Put another way, the power of the veto is to delete funding, not to appropriate funding. 

Three mayor-presidents have essentially used the veto to circumvent the councils’ authority by appropriating funds without their approval. 

These appear to be clear violations of Lafayette’s charter that substantially diminish the councils’ ability to protect how taxpayer dollars are spent. 

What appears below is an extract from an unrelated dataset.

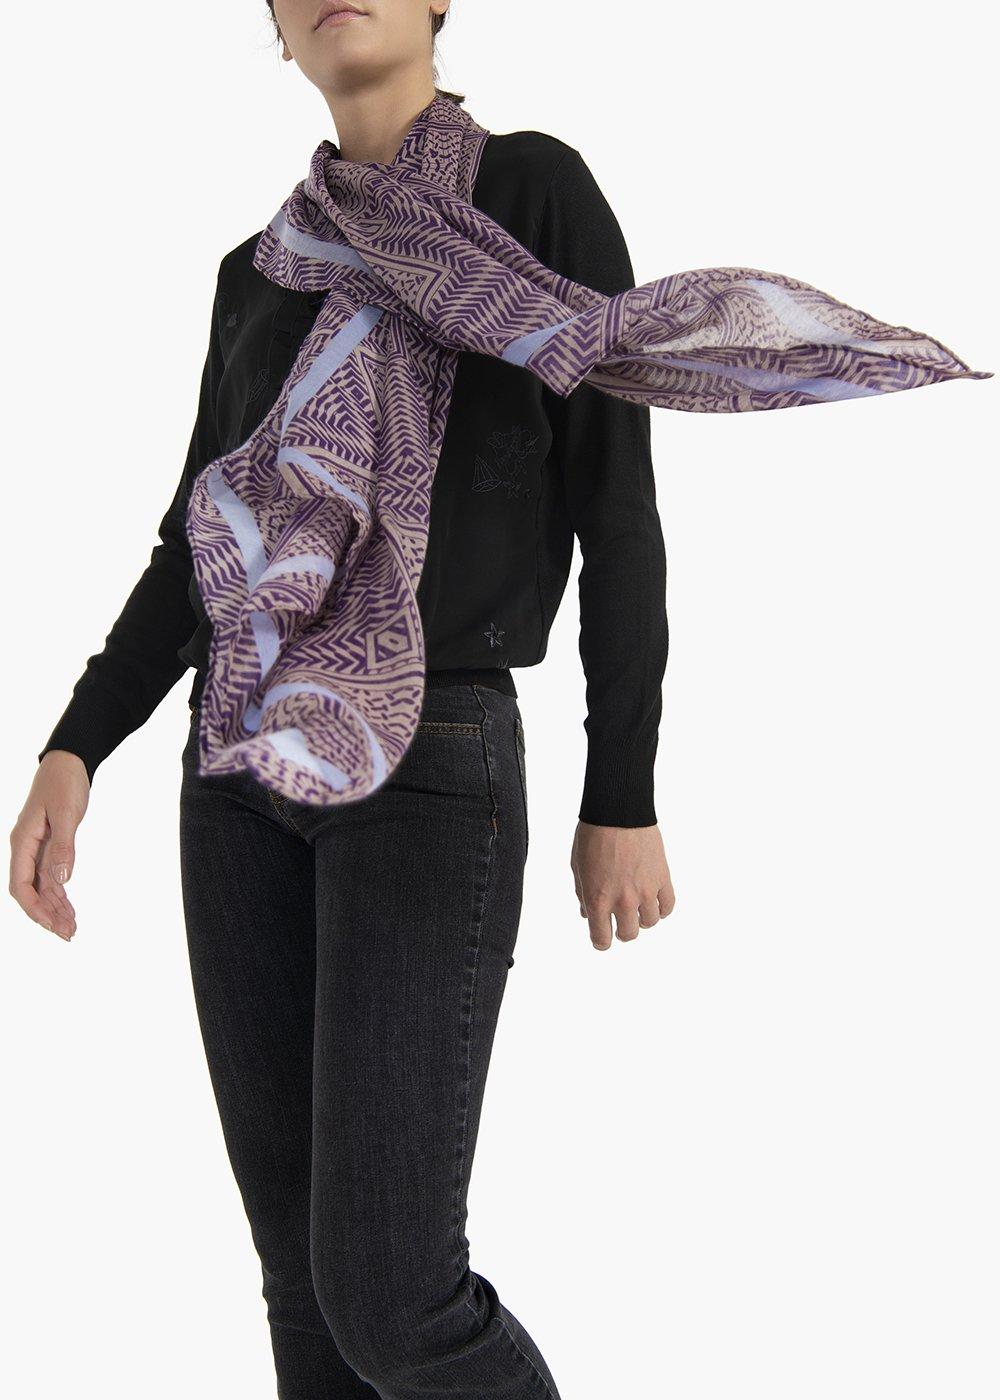 Sindy multicolour scarf with geometric designs - Polvere  /   Notte Fantasia - Woman

In theory, this interpretation of the charter lowers the guardrails for mayor-presidents to do ridiculous things with public dollars. 

For example, a mayor-president could propose LCG spend $100 million on any pet project. Then, after the councils presumably remove that funding by simple majority, the mayor-president could veto the amendment. And, with the support of just two people on either council, appropriate the money anyway since that would preclude the supermajority vote needed from both councils to override a veto on a joint ordinance. 

Now what?

For anyone who cares about the separation of powers and following the law, this is clearly an untenable situation. The question now is whether the councils will do anything about it.

Theoretically, rectifying this should be easy. The councils could just ask the administration to update the budget to reflect that $22 million of city ARPA funds have not yet been legally appropriated. Then, if the City Council decides to spend this money on these projects or others, it could pass a mid-year budget amendment to legally appropriate these funds.

Were the mayor-president to refuse, Lafayette could find itself in the midst of a constitutional crisis that could only be resolved in court. 

Such unpleasantness would waste taxpayer dollars while adding unnecessary acrimony to the already deteriorating relations between Lafayette’s executive and legislative branches. 

But regardless of the politics, this issue needs to be addressed so that the councils can protect their ability to do their jobs of appropriating taxpayer dollars, which voters gave to them — not to the mayor-president.